But is global cost of labour going up or down?

[broken link removed]


----------



## room305 (8 Feb 2007)

Afuera said:


> But inflation begets inflation i.e. wages will also have to rise. Without taking this into consideration you're only looking at half the picture.



Usually it works the other way round - inflation in wages feeds inflation in house prices. However, the wage inflation issue relates only to the affordability of the mortgage and that is subject to other factors like interest rates. It doesn't change the size of the loan needed for trading up. If interest rates are at 1% it might be easier to obtain and repay a loan for €500k but it is still a €500k loan.

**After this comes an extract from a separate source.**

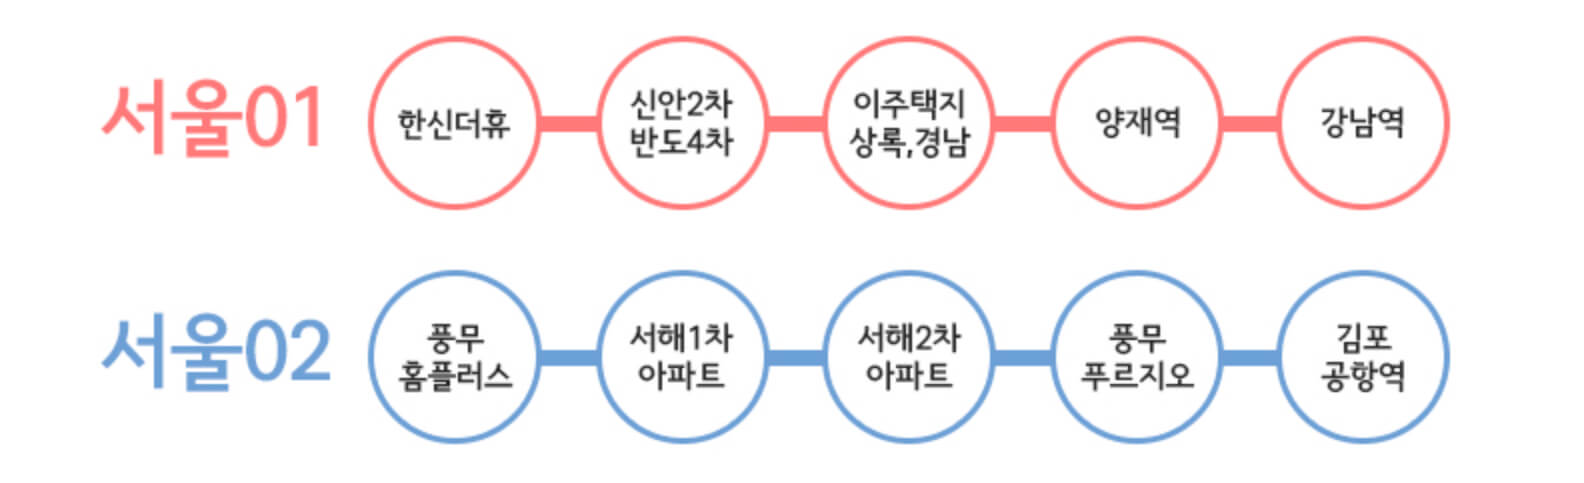 서울동행버스 노선번호

You made a blanket statement that when houses prices are not rising across the board, trading up from a starter home to a family home becomes more difficult, whereas in fact it is the opposite. If house prices are rising across the board, trading up is actually more difficult. Now you appear to be introducing this absurdity about wages always rising to match house price inflation to cover up your mistake.


----------



## Afuera (8 Feb 2007)

room305 said:


> Usually it works the other way round - inflation in wages feeds inflation in house prices. However, the wage inflation issue relates only to the affordability of the mortgage and that is subject to other factors like interest rates. It doesn't change the size of the loan needed for trading up. If interest rates are at 1% it might be easier to obtain and repay a loan for €500k but it is still a €500k loan.


Plain and simple, inflation is caused by an increase in money supply. Whether it feeds first into wages or assets is irrelevant. You can't just  view inflation (or lack of) in one and disregard it in the other. The interest rates affect all buyers in roughly the same way so I don't know why you're bringing that up.



room305 said:


> You made a blanket statement that when houses prices are not rising across the board, trading up from a starter home to a family home becomes more difficult, whereas in fact it is the opposite. If house prices are rising across the board, trading up is actually more difficult.

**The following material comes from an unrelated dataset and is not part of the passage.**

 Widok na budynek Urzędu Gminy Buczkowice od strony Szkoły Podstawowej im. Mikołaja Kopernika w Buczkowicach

The example that you used to try and prove that it's easier to trade up in a flat market was useless as you're not comparing like with like. 480k may be less than 540k in nominal terms, but in real terms when you consider inflation it's not. A trader upper in a flat market will ultimately have to put more of their wage towards purchasing their target home than someone who has gained from inflation. I find it hard to see how it's easier for them to get into the house they want in this scenario. (Also remember that this is even before we take the stamp duty issue, brought up by Persius, into consideration.)



room305 said:


> Now you appear to be introducing this absurdity about wages always rising to match house price inflation to cover up your mistake.


If you can find anything to prove that wages and house prices do not  have any correlation over the long term then by all means, show me.


----------



## TTV (8 Feb 2007)

So afuera do you see wages rising consistently over the next few years to match the rise in house prices? Thats an ideal scenario, why worry about inflation at all because wage inflation will match it. Sure why are the ECB worried about inflation at all..


----------



## Afuera (8 Feb 2007)

To revert to the mean, wages will either have to rise or property prices will have to fall. The ECB are worried about inflation because they've just seen the increase in money supply at its highest level since the Euro came into being. They are dedicated to ensuring price stability so hyperinflation would be a problem in trying to attain that goal.


----------



## room305 (8 Feb 2007)

Afuera said:


> The example that you used to try and prove that it's easier to trade up in a flat market was useless as you're not comparing like with like. 480k may be less than 540k in nominal terms, but in real terms when you consider inflation it's not. A trader upper in a flat market will ultimately have to put more of their wage towards purchasing their target home than someone who has gained from inflation. I find it hard to see how it's easier for them to get into the house they want in this scenario.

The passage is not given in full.